Saturday, November 12, 2011

Student Journals

Source: http://learnweb.harvard.edu/alps/tfu/pop2_5.cfm

All students in Holly Handlin's Seventh grade English classes keep a journal ...

The journal is like the backbone of the whole year. They hand it in several times throughout the year and this is the way Holly gets to know her students. See the assignment .

Mrs. Handlin says:
"I tell them that's the only way I am going to get to know each one of you, because I have a 115 of you. So how can I get to know each one? So you have to kind of communicate with me with this vehicle, this journal.
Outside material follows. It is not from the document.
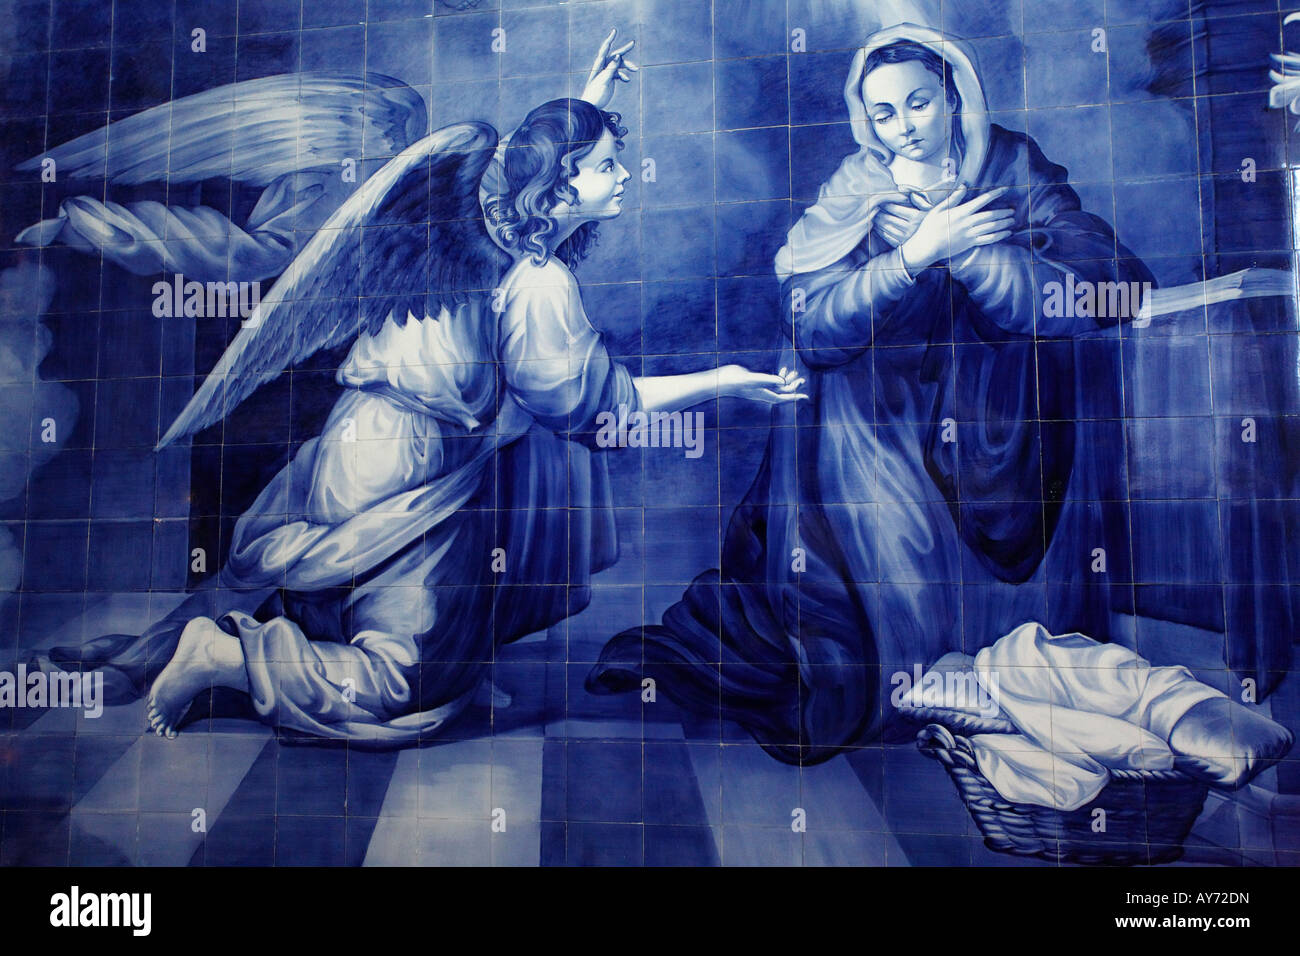 Groupe d'azulejo carreaux bleu portugais montrant l'Archange Gabriel et la Vierge Marie au cours de l'Annonciation Banque D'Images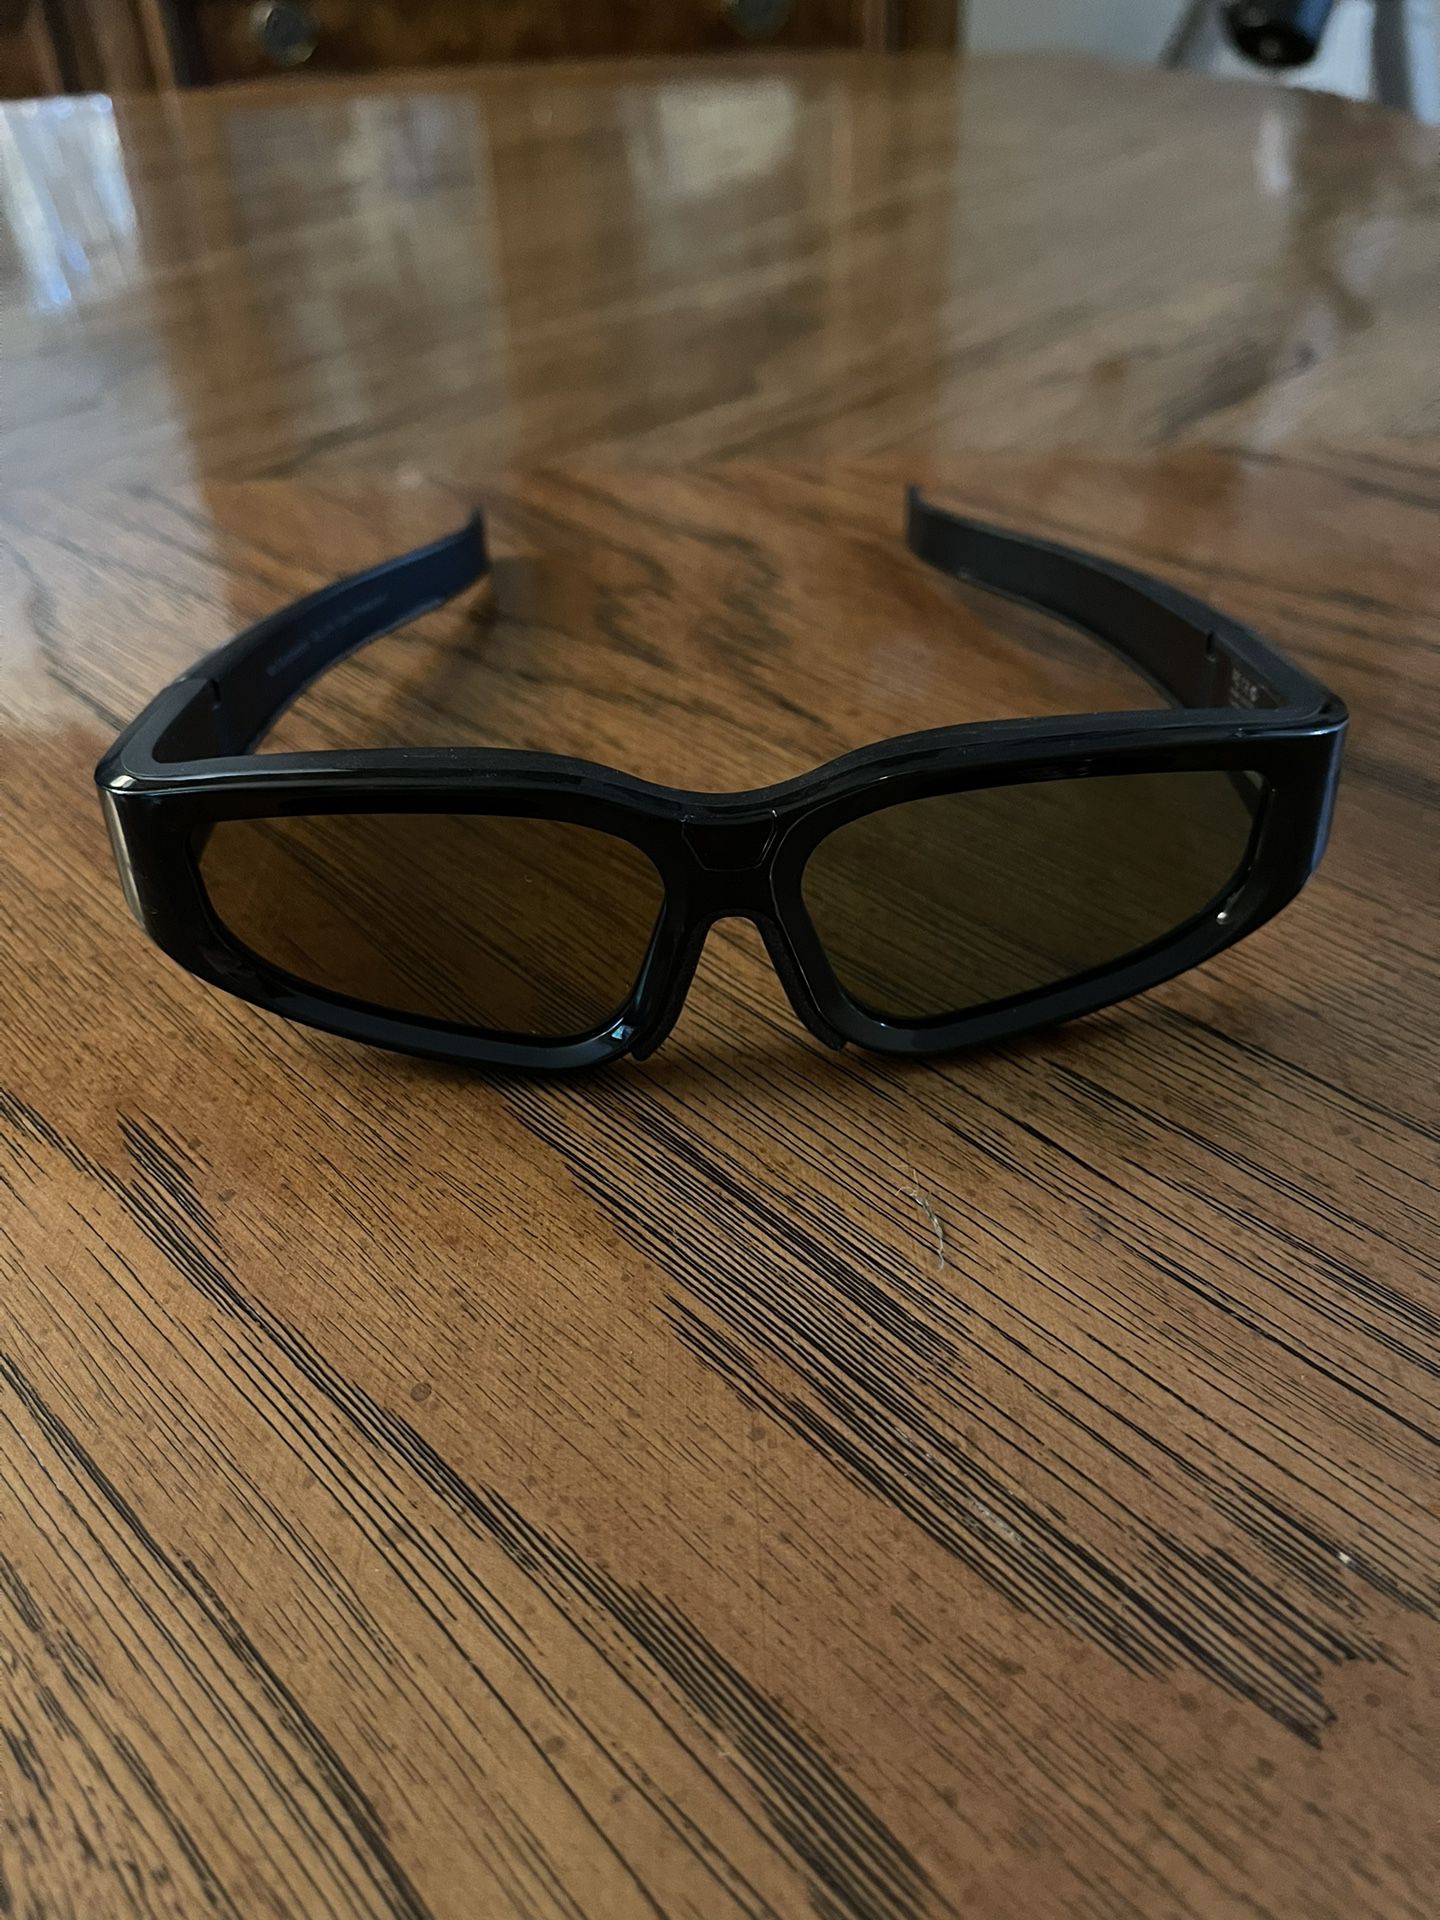 LG Model AG-5100 3D Glasses (See Description)

And we start that right away."

Holly's students have read books in the summer, so she uses those summer books for their first journal writings.

 "We spend two or three weeks just talking about journal writing ... I have expanded that time ... I used to just sort of shove the journal in their face and say 'Ok, here is your journal, go to it.' Then I realized that I had to give them time. That is another thing that I have learned... Time is really important, they need time. They shouldn't feel rushed. So I go over it and they read each others' journals and we make lists of what makes a good journal. We try to develop the criteria together so they will know themselves how to judge it ...Probably almost all of September we spend just doing journals and then I give them stories to read so they are writing about it ..."

There are also three types of writings in the first two weeks of the journal unit that they focus on:
  1. Their own questions
    1. In class: To practice on a story and to share their writing with each other
    2. At home: To think about their summer readings
  2. My questions
  3. Creative journal entries
I also provide suggestions for the journal entries:
  1.     Ask and answer your own questions
  2.     Answer Mrs. Handlin's questions (sheets and Throughlines)

Now try doing something a little more creative, like the following:
  1. Write a letter to one of the characters and then put yourself in his or her shoes and write back.
  2. Write a letter to the author of the story
  3. Write a script or transcript of a TV or radio talk show with one or more characters as guests. What questions would the host (for example, David Letterman) ask the character(s)?
  4. Rewrite a part of the story or book that you feel needs change and/or improvement. Often people don't like how a story ends, for example.
  5. Draw an illustration of an important event and explain why the event is important to the story (drawing and explanation = one page of writing).
  6. Any other idea that you come up with and I approve.